A Monad-Based Clause Architecture for Artificial Age Score (AAS) in Large Language Models
Seyma Yaman Kayadibi

TL;DR
This paper introduces a clause-based architecture for large language models that uses a monad-inspired framework and the Artificial Age Score to impose principled, auditable constraints on memory and behavior, enhancing transparency and control.
Contribution
It develops a novel, engineering-oriented clause system based on Leibniz's monads, integrated with AAS, for governing LLM internal dynamics and memory in a transparent, implementable way.
Findings
Clause system exhibits bounded, interpretable behavior
AAS trajectories are continuous and rate-limited
Contradictions trigger explicit penalties
Abstract
Large language models (LLMs) are often deployed as powerful yet opaque systems, leaving open how their internal memory and "self-like" behavior should be governed in a principled and auditable way. The Artificial Age Score (AAS) was previously introduced and mathematically justified through three theorems that characterise it as a metric of artificial memory aging.
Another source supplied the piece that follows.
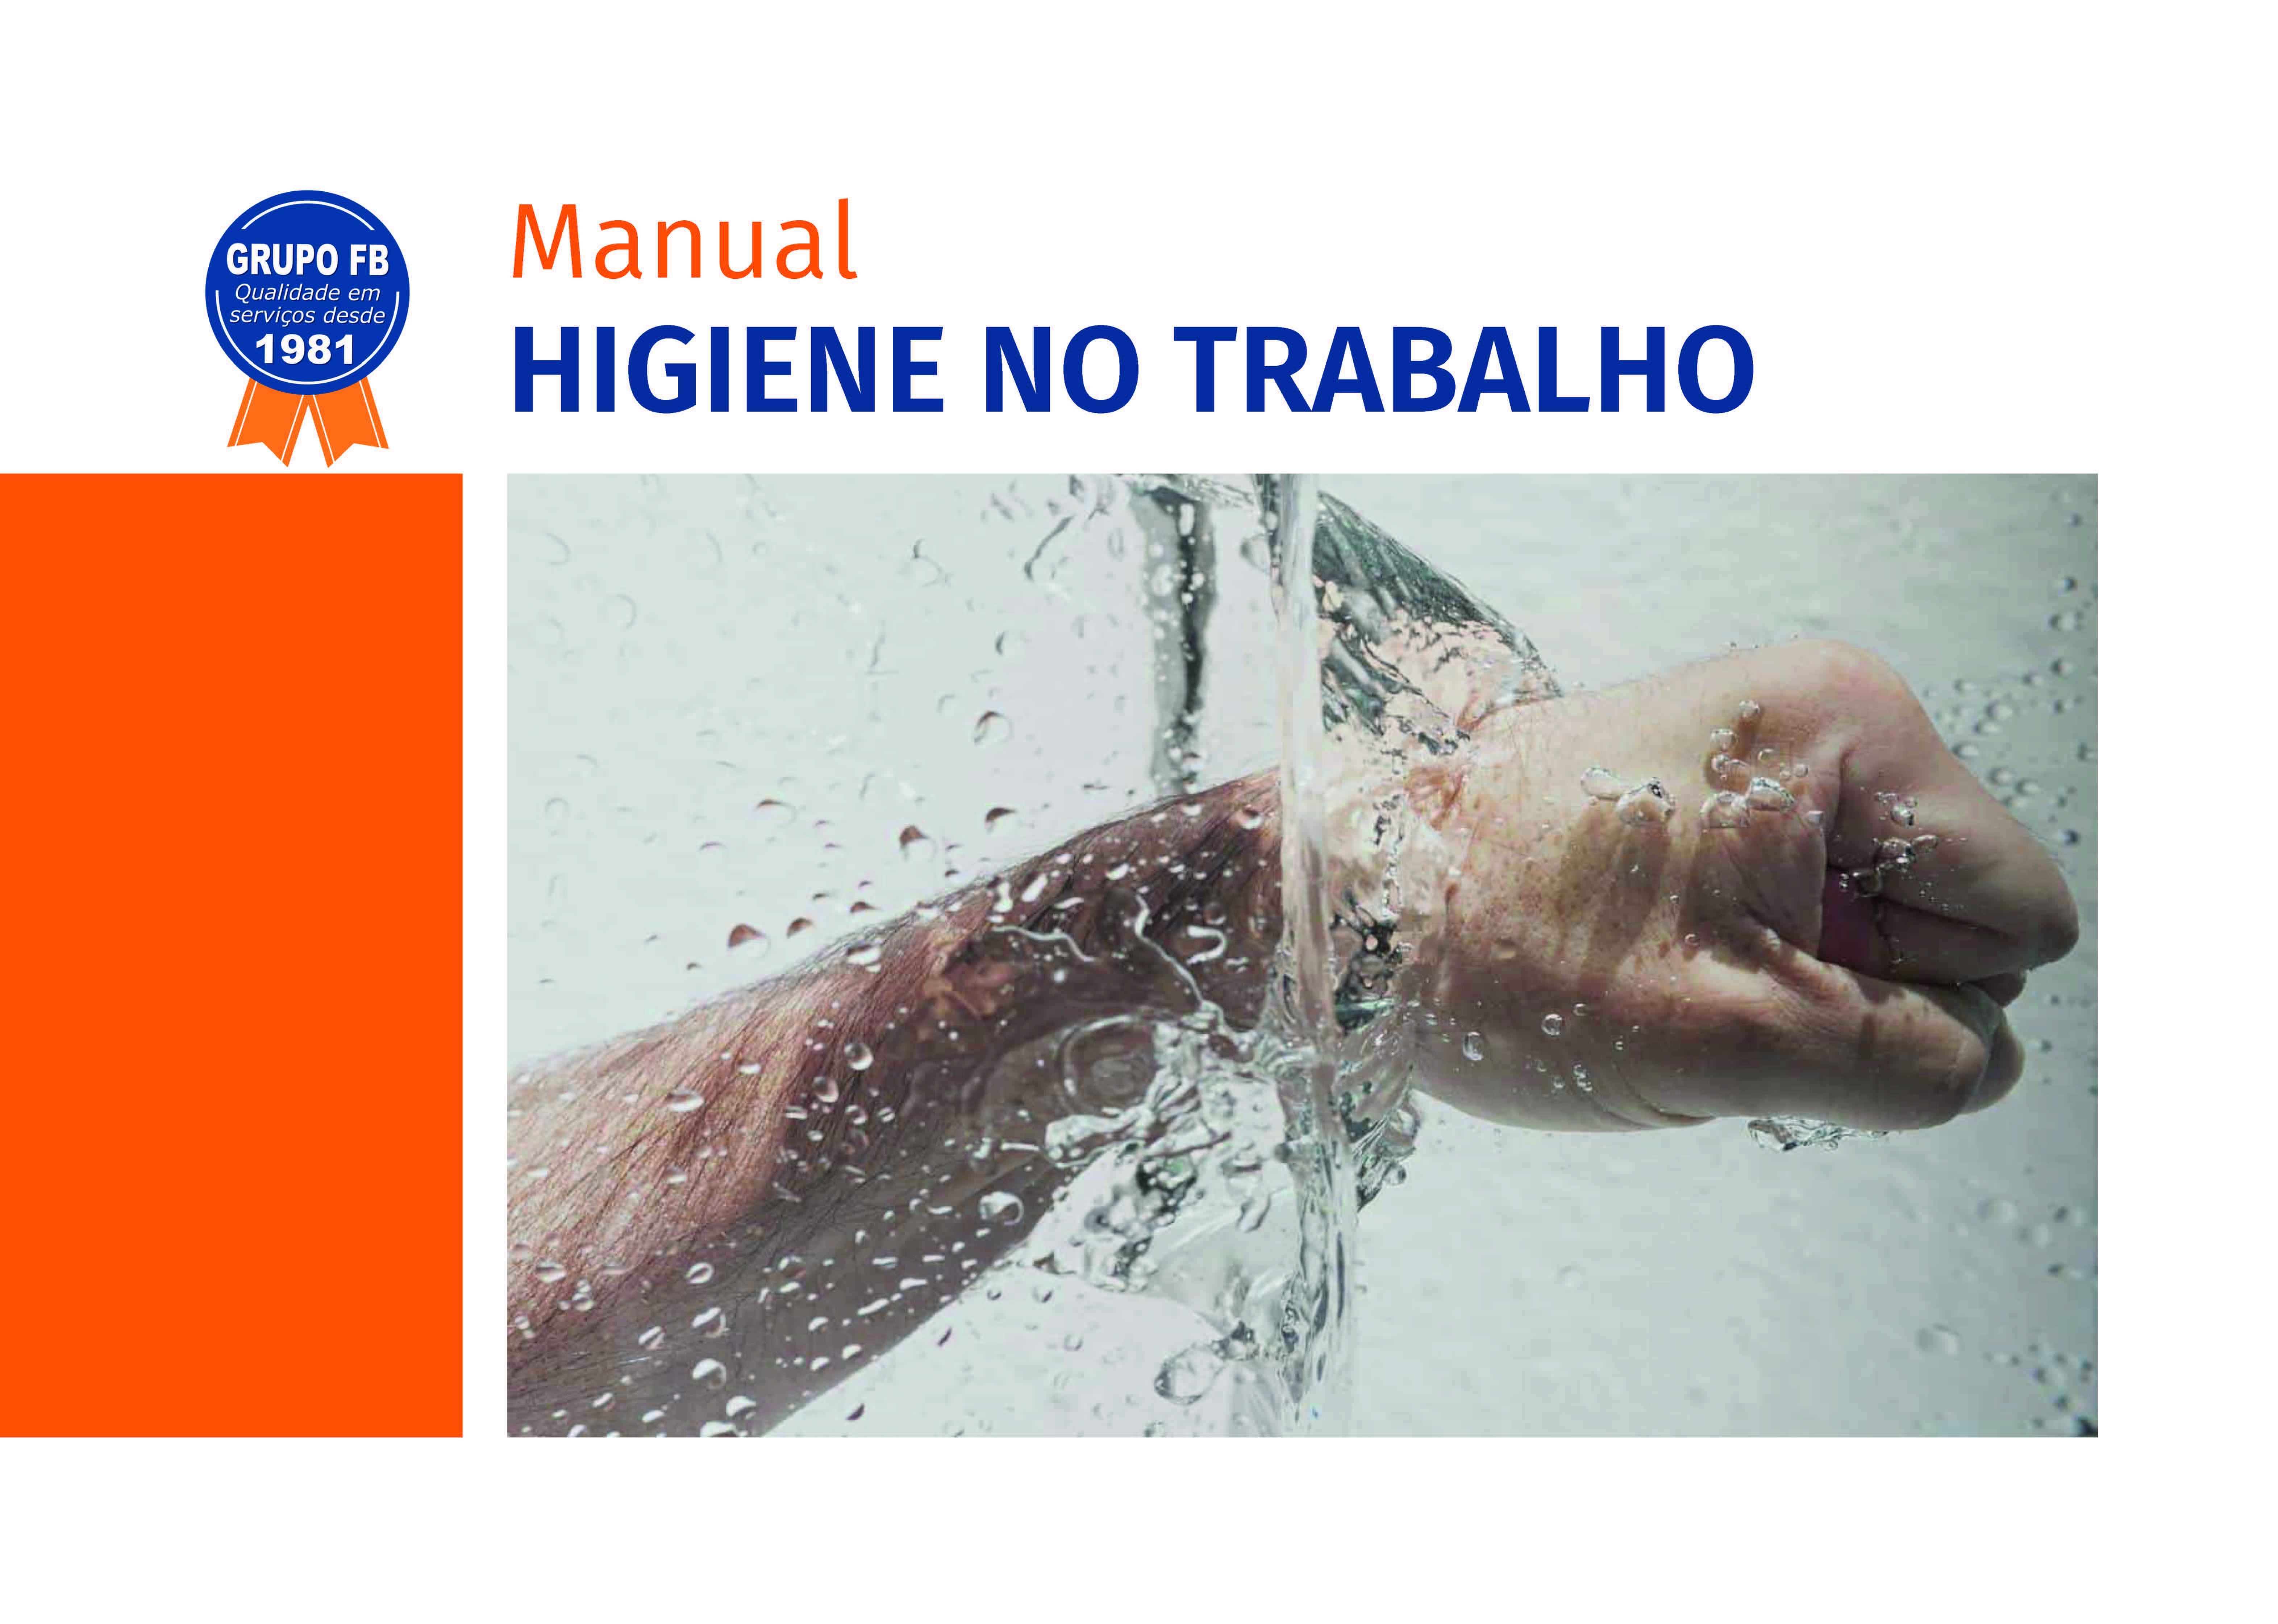 Grupo GINT. Kit de higiene pessoal
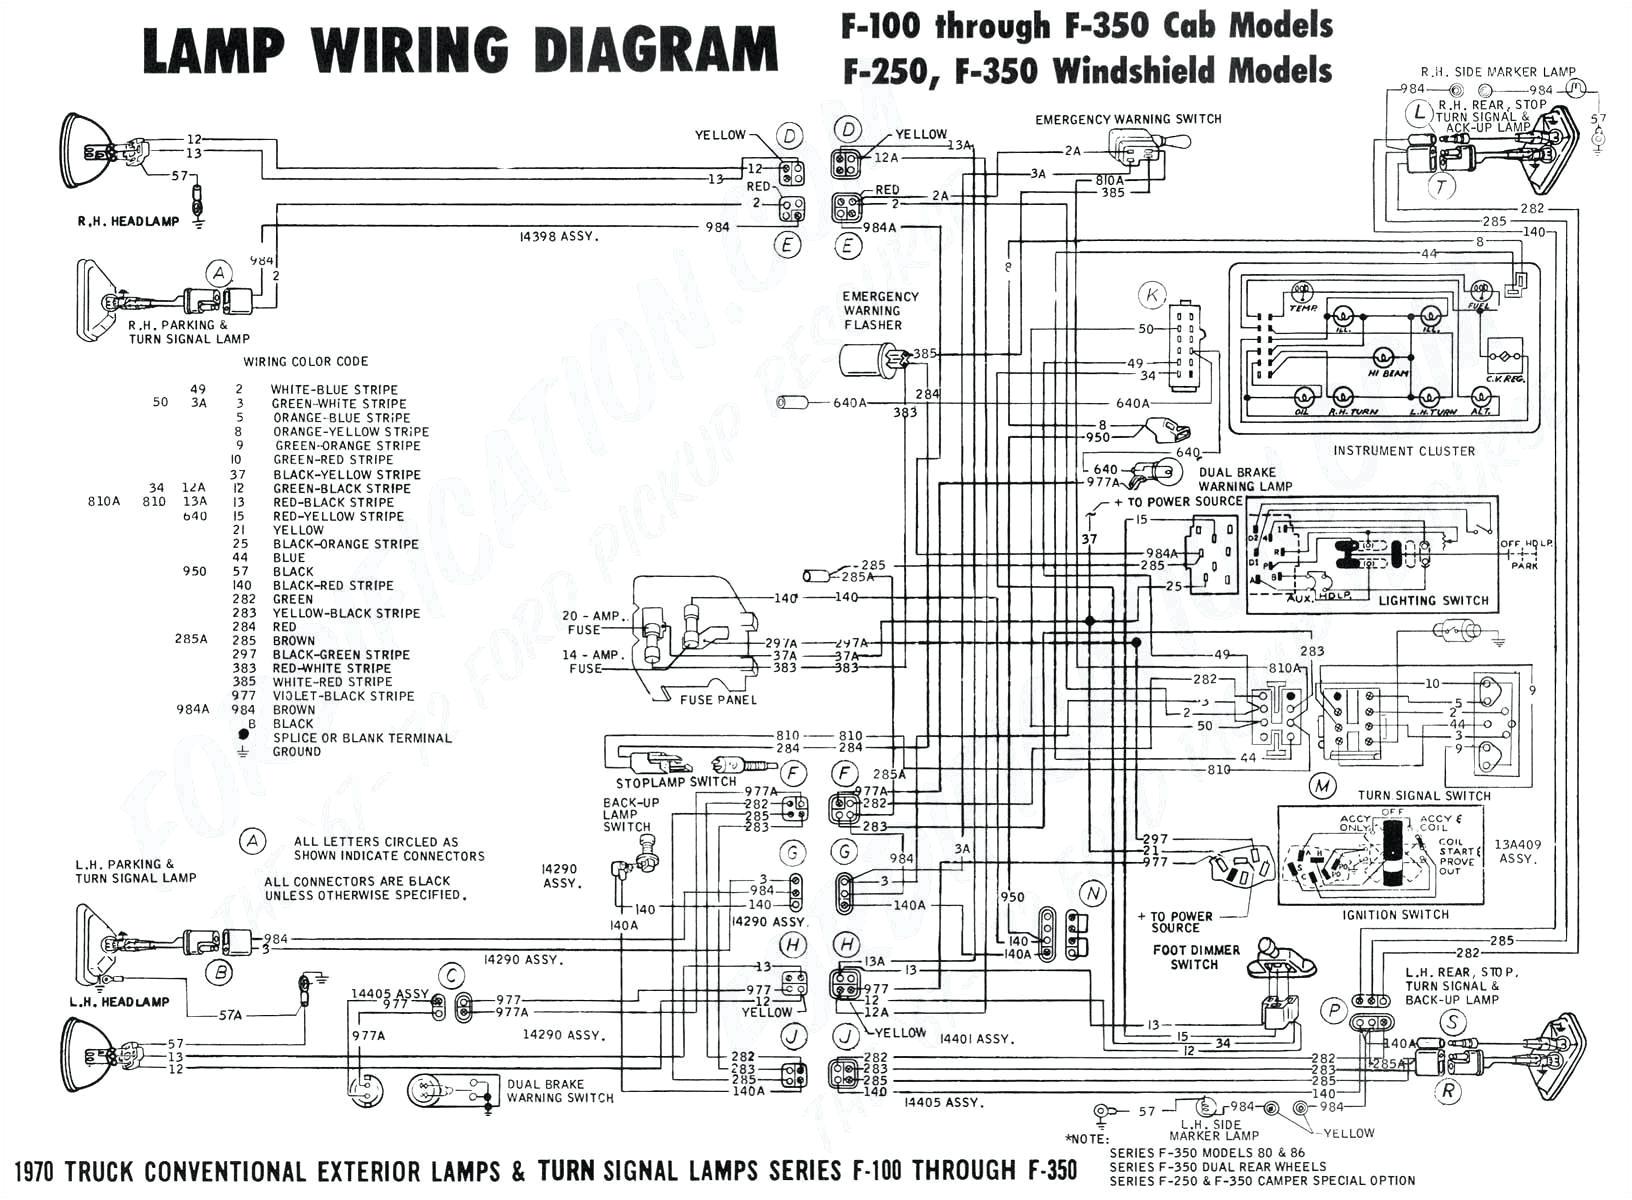 1997 ford f 150 transmission wiring harness wiring diagram datasource 1997 ford f150 wiring harness diagram 1997 f150 wiring harness diagram

Building on this foundation, the present work develops an engineering-oriented, clause-based architecture that imposes law-like constraints on LLM memory and control. Twenty selected monads from Leibniz's Monadology are grouped into six bundles: ontology, dynamics, representation and consciousness, harmony and reason, body and organisation, and teleology, and each bundle is realised as an executable specification on top of the AAS kernel. Across six minimal Python implementations, these clause families are instantiated in…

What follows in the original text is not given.